Remove inactive volumes after hard drive upgrade RN104

I have an iMac with a RN104 to keep track of all my design/art files. It was starting to fill up so I upgraded and bought 2 x 4tb hard drives to replace the ones in my RN104. I put in 1 x 4tb dri...

rn_enthusiast

Jul 26, 2021

Thanks for the logs Esoteric

So, here are the events...

You replaced disk 2 (which was also a dying disk with tons of ATA errors). I can see that had been going on for a while, so I suspect you don't have email alerts setup? In any case, whether by luck or intentional, you replaced the bad disk and the raid started to sync.

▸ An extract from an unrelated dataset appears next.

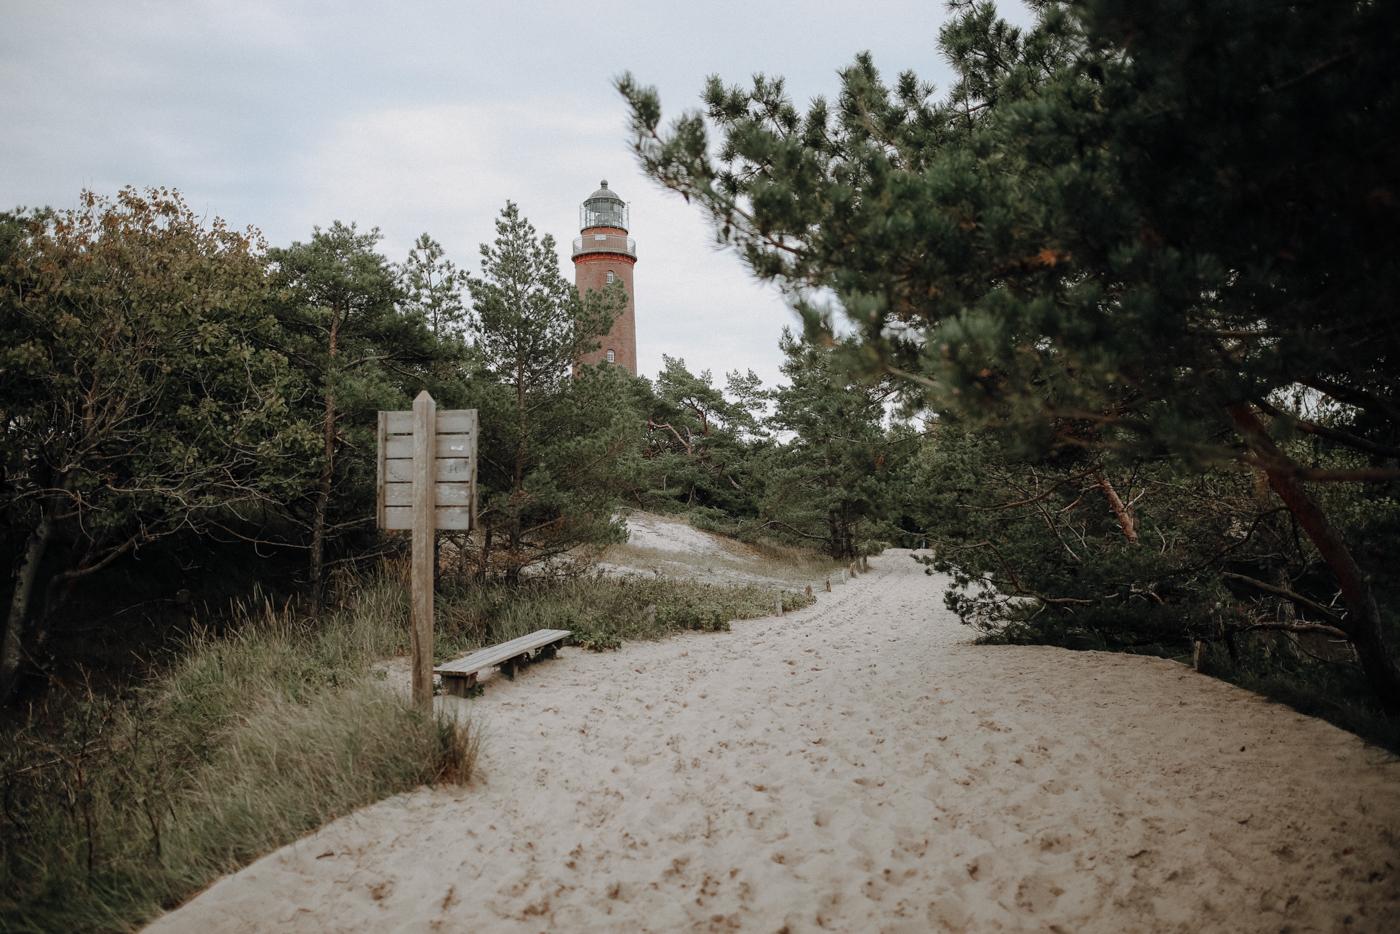 Die Tage des Leuchtturms sind gezählt Seit etwa 1952 geht vor dem Darßer Ort jährlich etwa ein Meter Land durch die natürliche Küstendynamik verloren. In etwa 50 Jahren wird das Meer den Leuchtturm erreichen und ihn nach und nach unterspülen. Unter dem Begriff der Küstendynamik versteht man die natürliche Abtragung von Landmassen an einer Stelle und deren Anlandung an einer anderen Stelle der Küste. Im Herbst und Frühling reicht manchmal sogar schon ein starker Sturm, um den Strand am Leuchtturm verschwinden und an einer anderen Stelle wieder anschwemmen zu lassen.
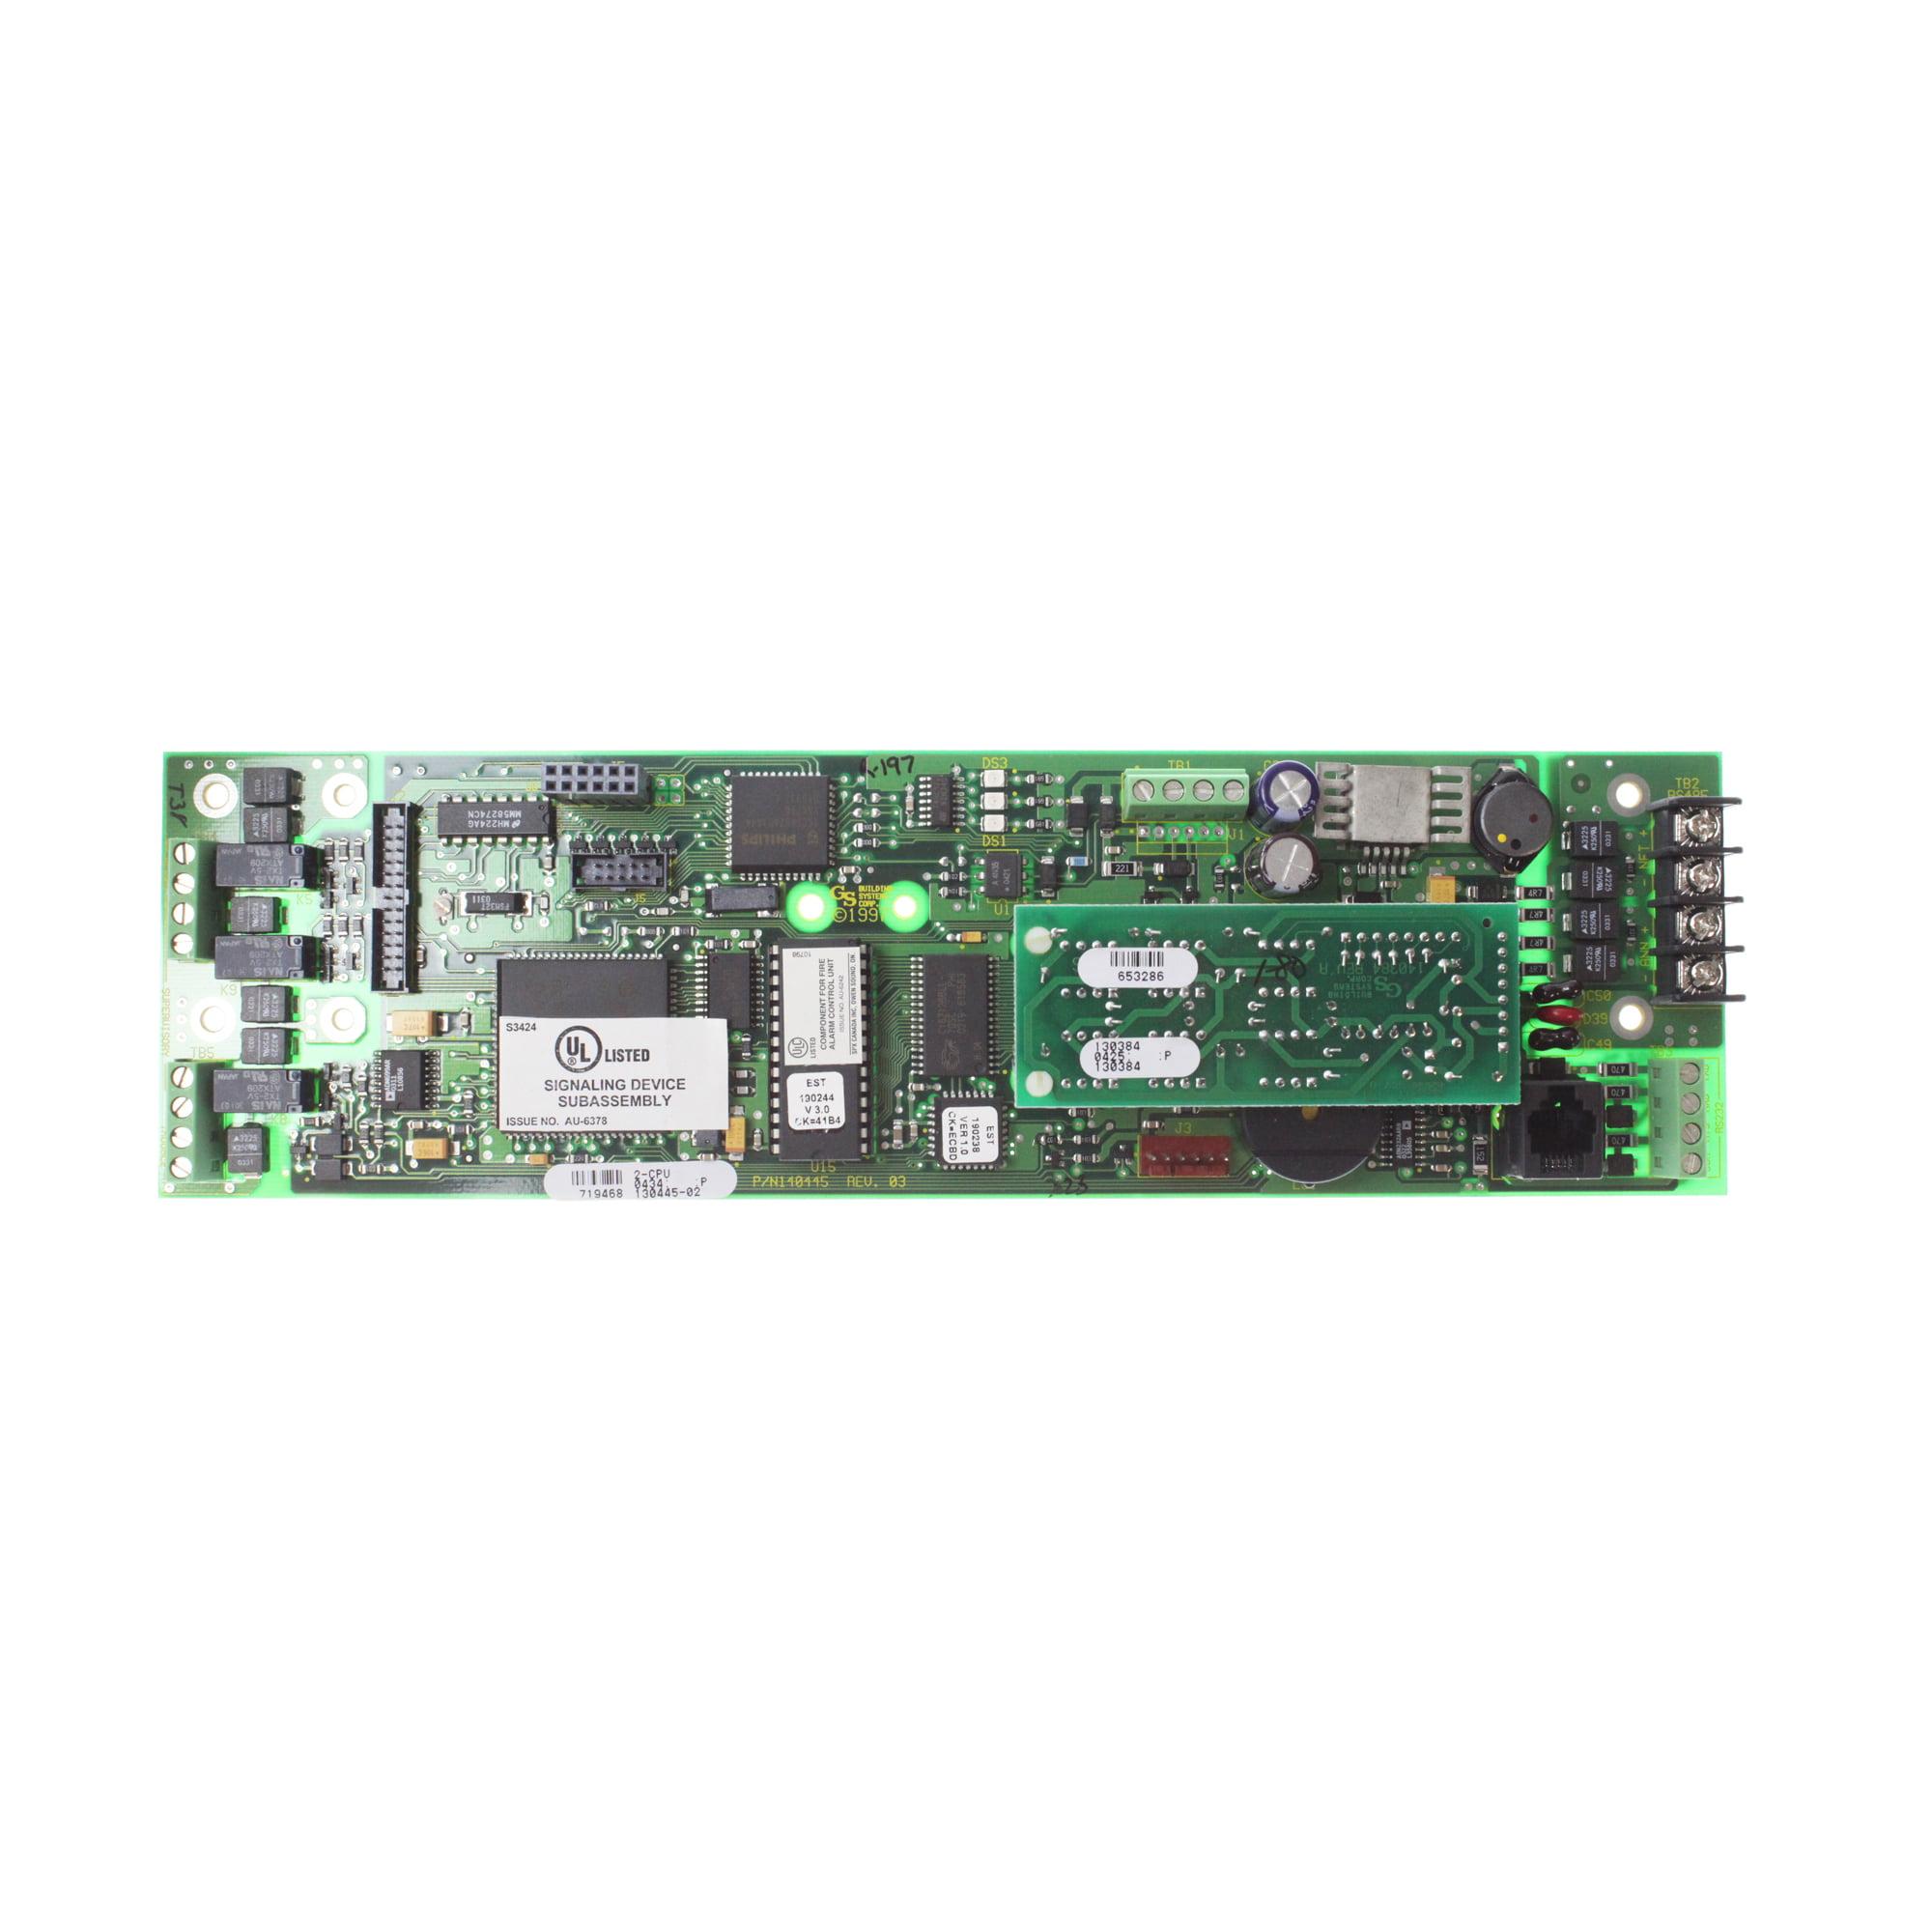 EST 2-CPU 387469 Central Processor Unit FACP CPU Module, System 2 by Edwards System Technologies %28EST%29

[21/07/22 20:51:22 WEST] notice:disk:LOGMSG_SMART_ATA_ERR_30DAYS_WARN Detected increasing ATA error count: [13955] on disk 2 (Internal) [WDC WD20EFRX-68EUZN0, WD-WCC4M1808373] 11455 times in the past 30 days. This condition often indicates an impending failure. Be prepared to replace this disk to maintain data redundancy.
[21/07/22 20:51:29 WEST] notice:disk:LOGMSG_SMART_ATA_ERR_30DAYS_WARN Detected increasing ATA error count: [13955] on disk 2 (Internal) [WDC WD20EFRX-68EUZN0, WD-WCC4M1808373] 11455 times in the past 30 days. This condition often indicates an impending failure. Be prepared to replace this disk to maintain data redundancy.
[21/07/22 20:52:12 WEST] notice:disk:LOGMSG_SMART_ATA_ERR_30DAYS_WARN Detected increasing ATA error count: [13956] on disk 2 (Internal) [WDC WD20EFRX-68EUZN0, WD-WCC4M1808373] 11456 times in the past 30 days. This condition often indicates an impending failure. Be prepared to replace this disk to maintain data redundancy.
[21/07/22 20:56:20 WEST] notice:disk:LOGMSG_SMART_ATA_ERR_30DAYS_WARN Detected increasing ATA error count: [13956] on disk 2 (Internal) [WDC WD20EFRX-68EUZN0, WD-WCC4M1808373] 11456 times in the past 30 days. This condition often indicates an impending failure. Be prepared to replace this disk to maintain data redundancy.
[21/07/22 20:57:46 WEST] warning:disk:LOGMSG_DELETE_DISK Disk Model:WDC WD20EFRX-68EUZN0 Serial:WD-WCC4M1808373 was removed from Channel 2 of the head unit.
[21/07/22 20:57:54 WEST] warning:volume:LOGMSG_HEALTH_VOLUME Volume data health changed from Redundant to Degraded.
[21/07/22 20:58:45 WEST] notice:disk:LOGMSG_ADD_DISK Disk Model: ST4000VN008-2DR166 Serial:ZGY94XWV was added to Channel 2 of the head unit.
[21/07/22 20:59:28 WEST] notice:volume:LOGMSG_RESILVERSTARTED_VOLUME Resyncing started for Volume data.

The raid successfully synced. BTW - StephenB in my experience it is pretty normal for an RN104 to take this long for a raid sync.

[21/07/23 12:46:10 WEST] notice:volume:LOGMSG_RESILVERCOMPLETE_VOLUME Volume data is resynced.
[21/07/23 12:46:11 WEST] notice:volume:LOGMSG_HEALTH_VOLUME Volume data health changed from Degraded to Redundant.
[21/07/23 12:46:11 WEST] notice:disk:LOGMSG_ZFS_DISK_STATUS_CHANGED Disk in channel 2 (Internal) changed state from RESYNC to ONLINE.

You had correctly waited till the raid had synced and you then replaced disk 1 for new larger disk.

[21/07/23 13:54:23 WEST] warning:disk:LOGMSG_DELETE_DISK Disk Model:WDC WD10EFRX-68PJCN0 Serial:WD-WCC4J1972758 was removed from Channel 1 of the head unit.
[21/07/23 13:54:25 WEST] warning:volume:LOGMSG_HEALTH_VOLUME Volume data health changed from Redundant to Degraded.
[21/07/23 13:56:20 WEST] notice:disk:LOGMSG_ADD_DISK Disk Model: ST4000VN008-2DR166 Serial:ZGY94KA2 was added to Channel 1 of the head unit.
[21/07/23 13:56:36 WEST] notice:volume:LOGMSG_RESILVERSTARTED_VOLUME Resyncing started for Volume data.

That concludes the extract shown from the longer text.